China is developing a stealth jet fighter that was first tested when U.S. Defense SecretaryRobert Gates visited Beijing in January 2011. It also is building the DF-21 anti-ship missile.

From China’s perspective, a top concern is the U.S. missile-defense capability in the region, as well as joint development under way with Japan, said Bonnie Glaser, a China specialist at the Center for Strategic and International Studies in Washington.

While relations with China demand attention, the U.S. should continue to tend to its long-standing ties with Japan, according to retired Navy Admiral Dennis Blair, a former U.S. Director of National Intelligence.

In discussing the rebalancing strategy with Japan, the U.S. must explain “what kind of Asia we want to see in the future,” Blair said.


A new generation of Japanese is coming to power with a different view of China, said Blair, who also served as commander of the U.S. Pacific Command from 1999 to 2002. The Japanese once had “tremendous sympathy for China” and provided significant aid to the country, “but all that is gone now, and China is seen as a potential rival and possibly a threat,” he said.

Panetta also has to reassure Japan that the Marine Corps’ V-22 Osprey aircraft being deployed to U.S. bases in Japan will be safe. The Pentagon has delayed flying the V-22 in Japan while it investigates two crashes involving the aircraft, which lifts off like a helicopter and flies like an airplane.

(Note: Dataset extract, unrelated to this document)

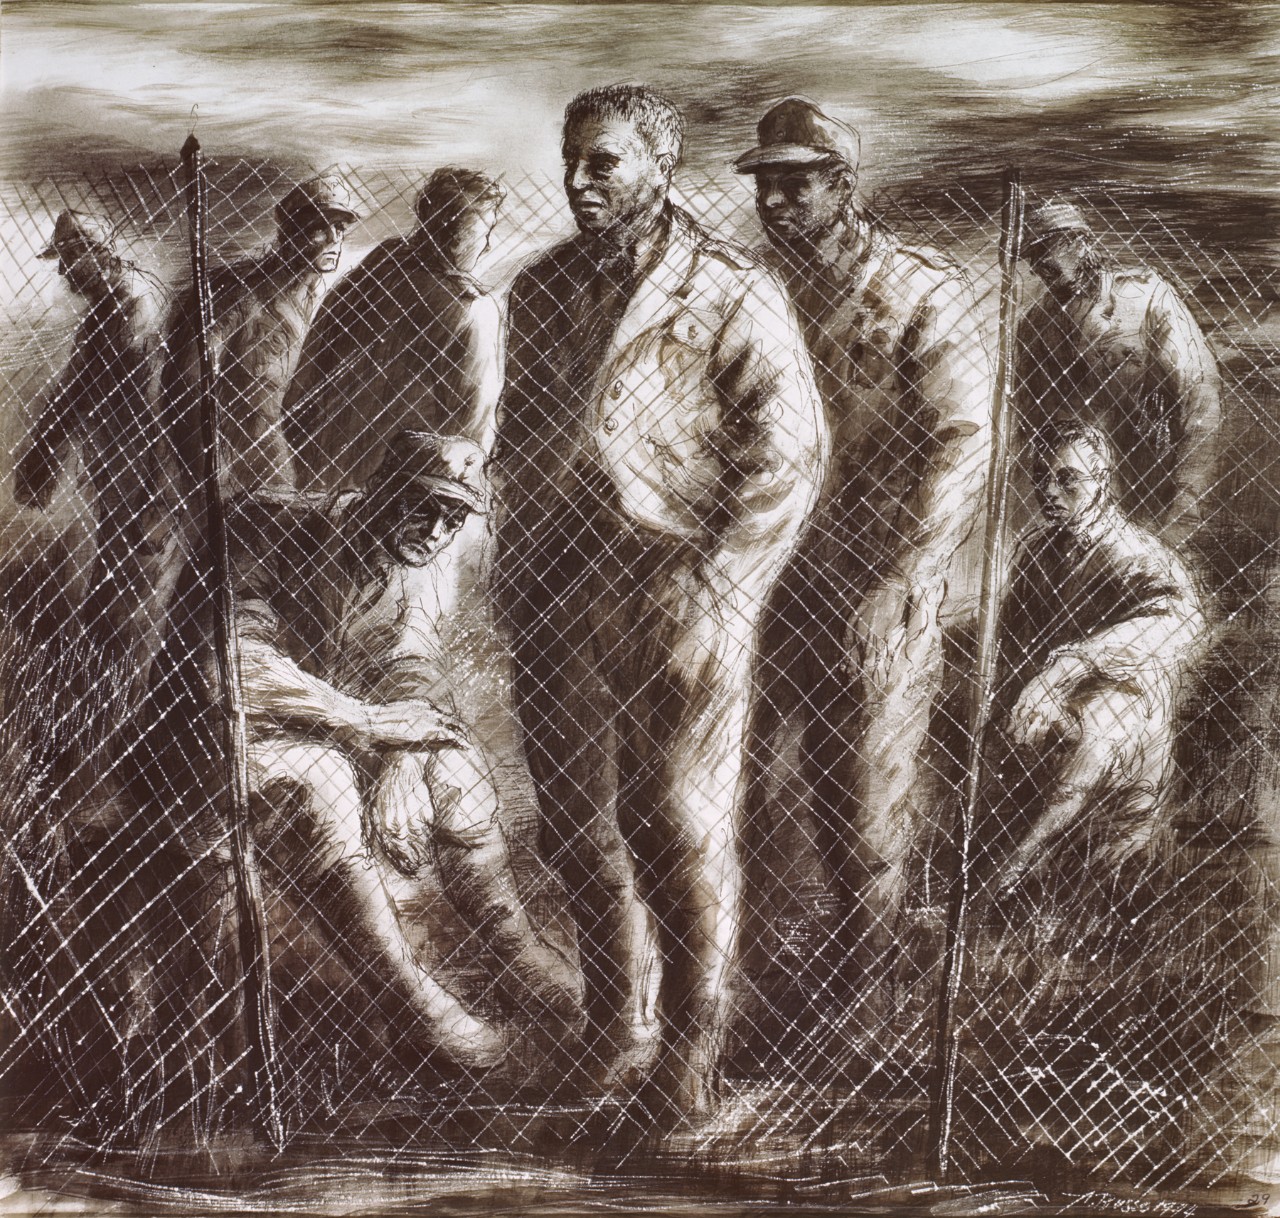 German prisoners behind barbed wire fence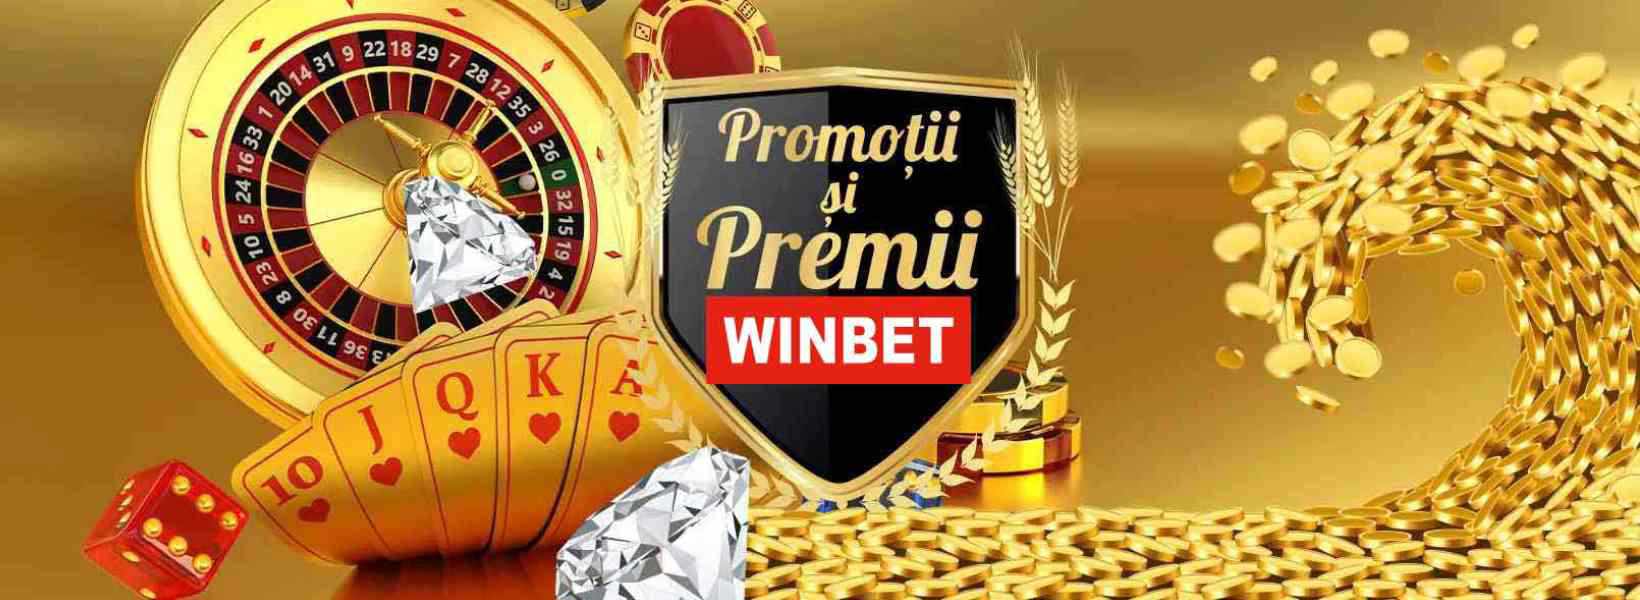 banner winbet promotii cu premii

Panetta will be the first U.S. defense secretary to visit New Zealand since Caspar Weinberger in the early 1980s. Panetta’s trip follows New Zealand Defense Minister Jonathan Coleman’s visit to Washington in June.

The increase in visits by U.S. officials to New Zealand “reflects American concern that China is gaining influence in the region, and the U.S. doesn’t want to cede that to China,” said Robert Ayson, a professor of strategic studies at the Victoria University of Wellington, New Zealand’s capital. The U.S. is seeking to “bolster relations with New Zealand and the South Pacific.”

New Zealand, which has a free-trade agreement with China, and has substantial economic ties with the country, would like to “maintain a positive relationship” with both the U.S. and China, Ayson said. “If the U.S. and China get into a tense situation, it’s bad for all of us.”